A look at Magnificent History of Briolettes

Briolettes have always been associated with royalty and the nobility. A briolette is an enchanting gemstone cut with elongated facets. It has been very popular since Victorian era owing to its pear-shaped cut. It is worn with strings and hence has drills through it. One of the most popular briolette to grace a royal was the Smithsonian, which weighed a whopping 275 carat. It was gifted to Marie Louise, the consort of Napoleon Bonaparte in 1811. Since then, it has always been associated with royal display of asceticism, sophistication and beauty.

Why Briolette

Briolette derives its name from French word, brignolette meaning “Puny Dried Plum”. Though it looks simple in its appearance, briolette requires extensive cuts and faceting. Any pear shape is not a briolette. Its shape can range from elongated tear to a triangular dew drop. Pear-shaped briolettes are more popular forms as they can’t be manipulated once cut.

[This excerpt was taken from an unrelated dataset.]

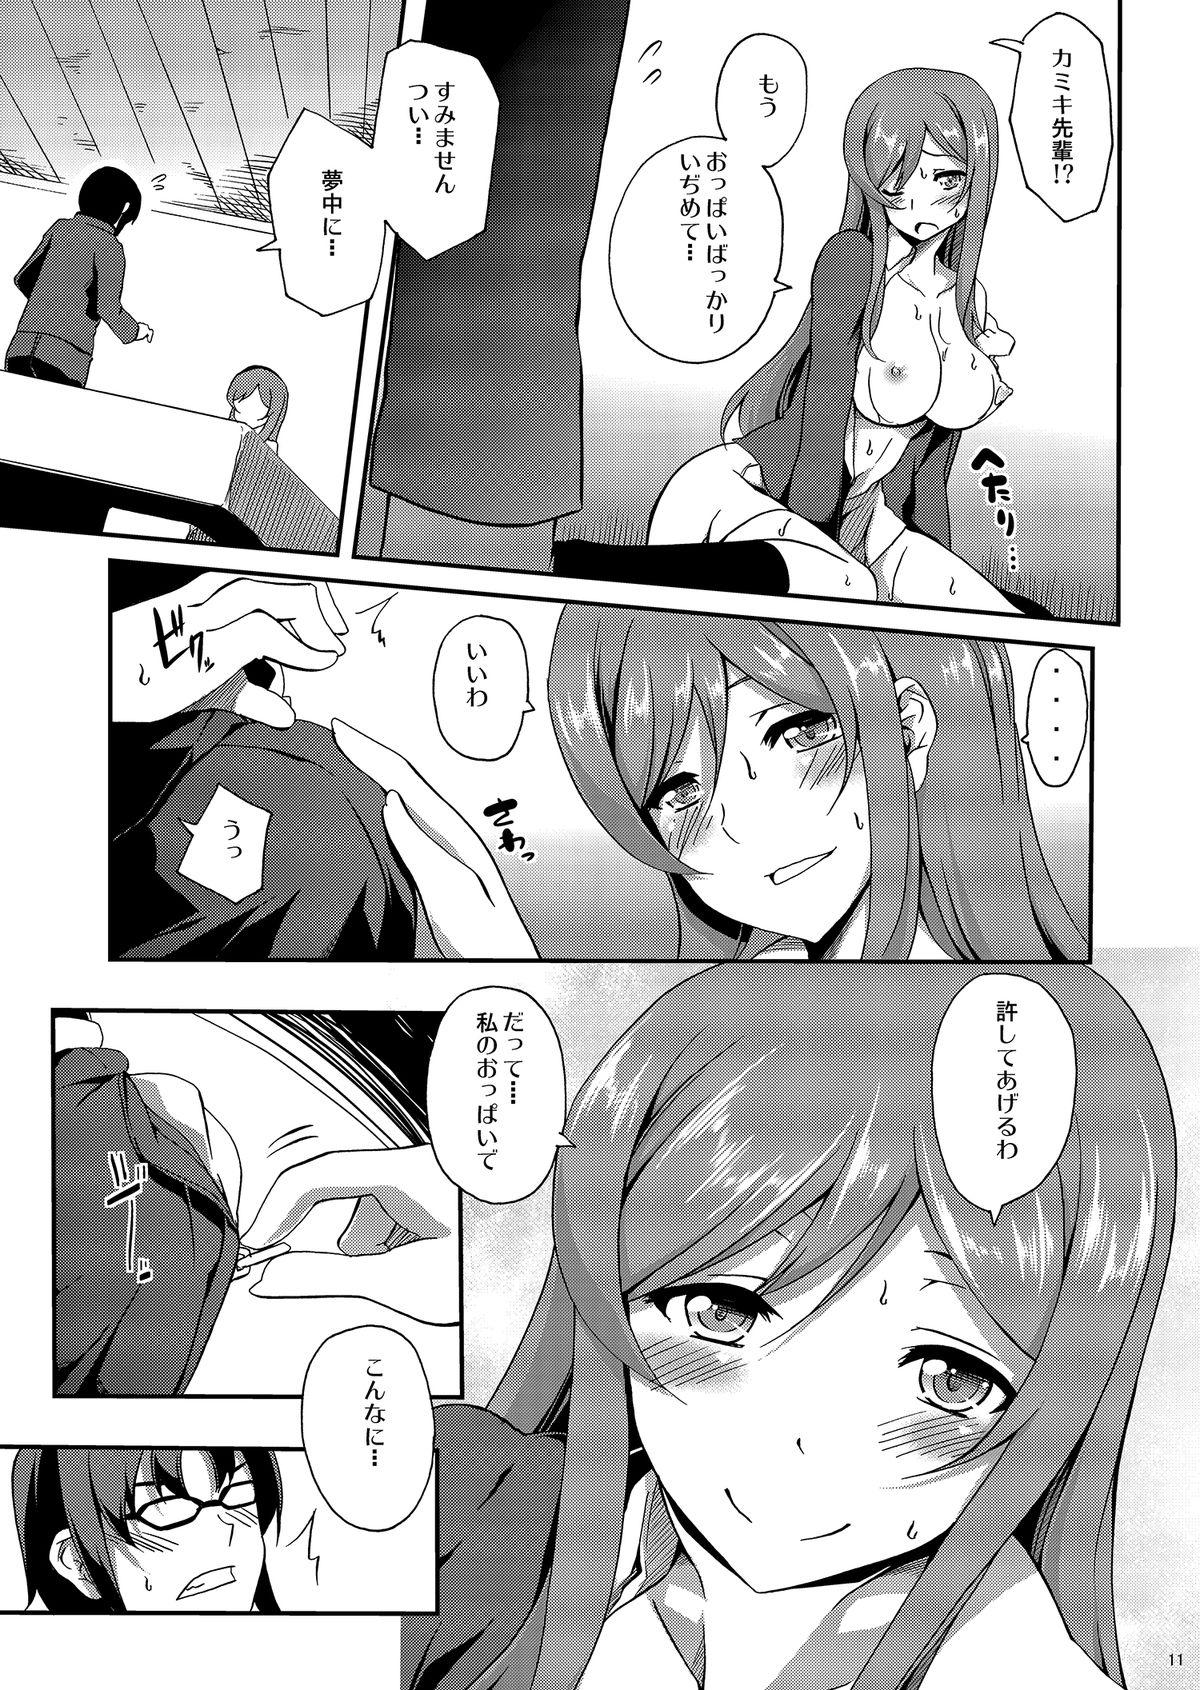 Homosexual Mirai no Onegai - Gundam build fighters try Cheating - Page 10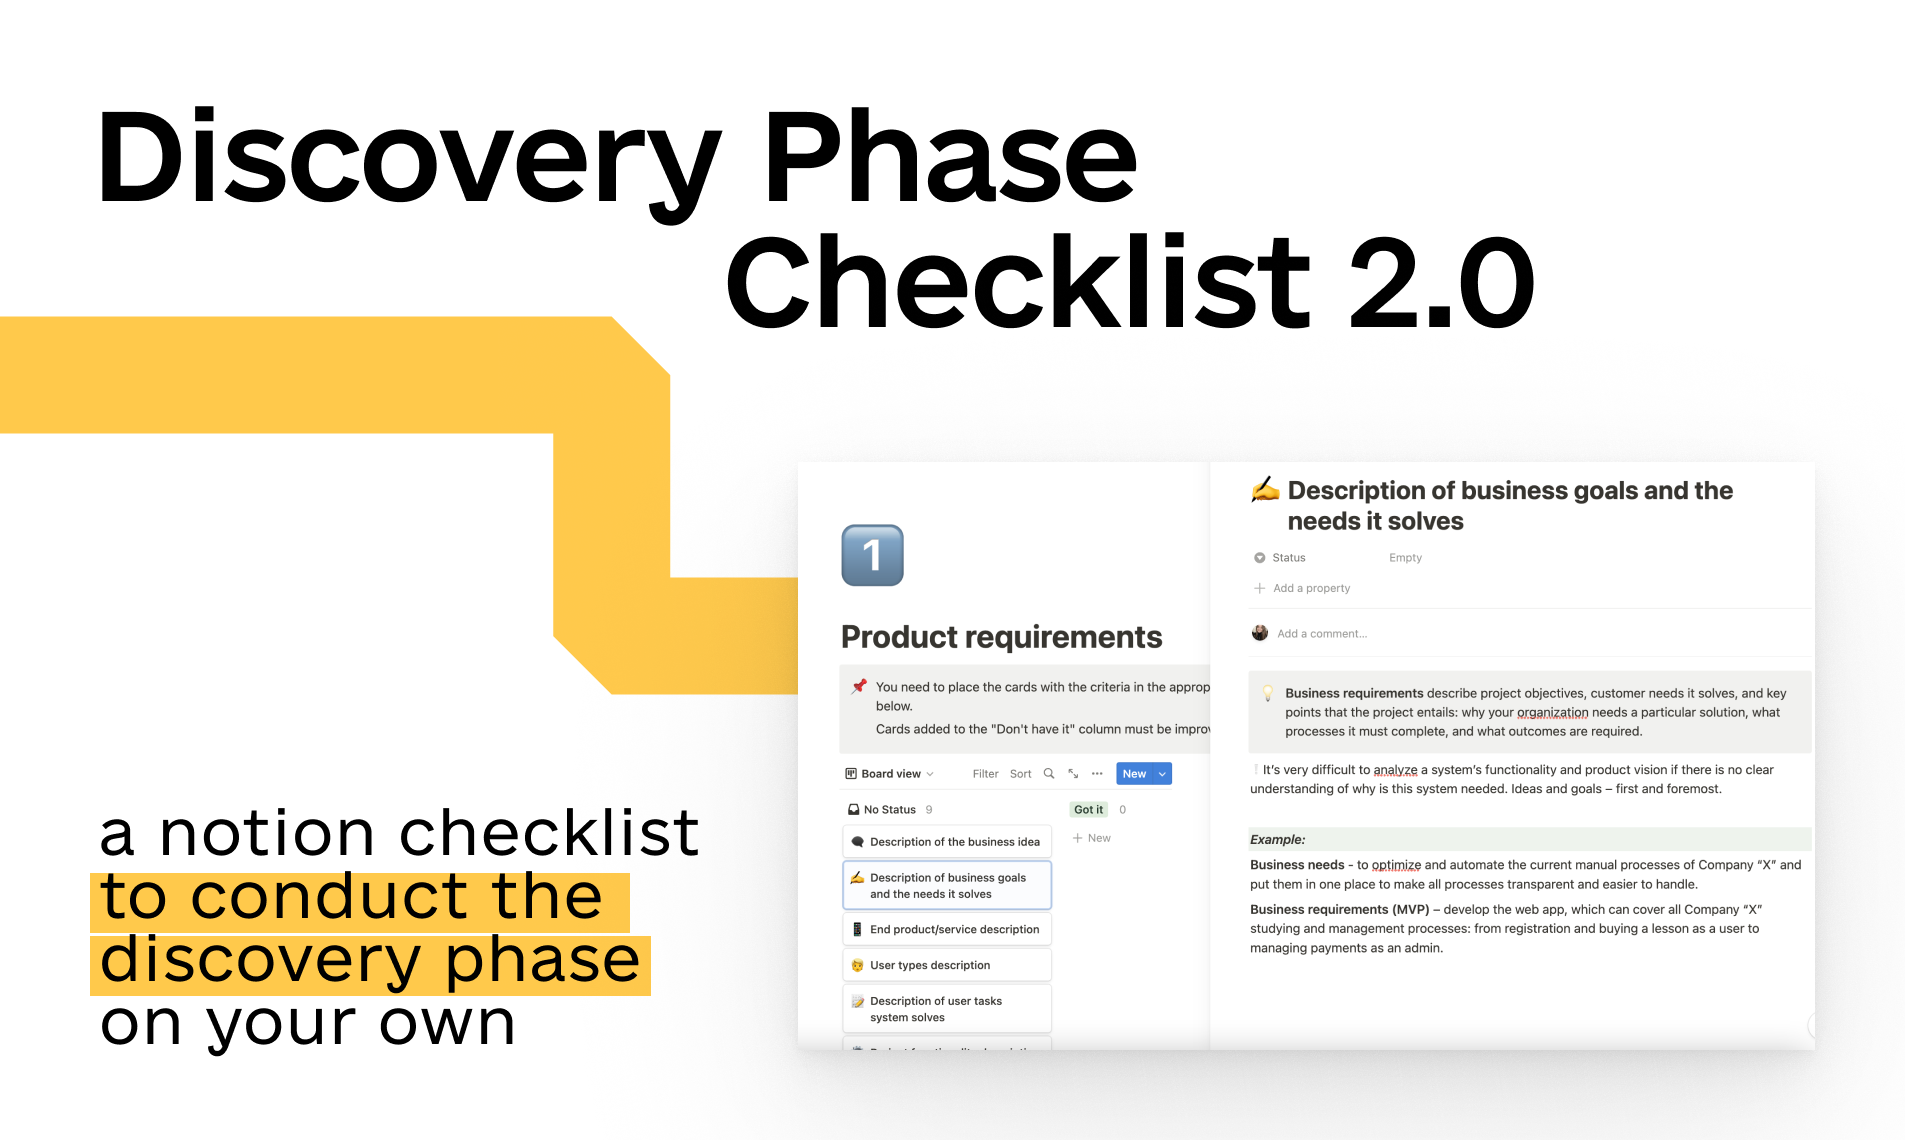 Discovery Phase Checklist 2.0

Briolette cuts give a fanciful opportunity to gemstone buyers. The popular colours like canary yellow, citrus green, rosy pink, cognacs and champagne hue look brilliant when rocks are cut in briolette facets. Every briolette is unique in its stance and can be easily set apart from the ordinary cuts.

During the 18th and 19th century, briolette stones were cut exclusively in India and New York. The skills required to gain precision stones were limited to Indian craftsmen. It remained a traditional cut and new cutting techniques began to flood the stone market with easier, uncomplicated designs. By end of 18th century, the briolette stone popularity was sky high.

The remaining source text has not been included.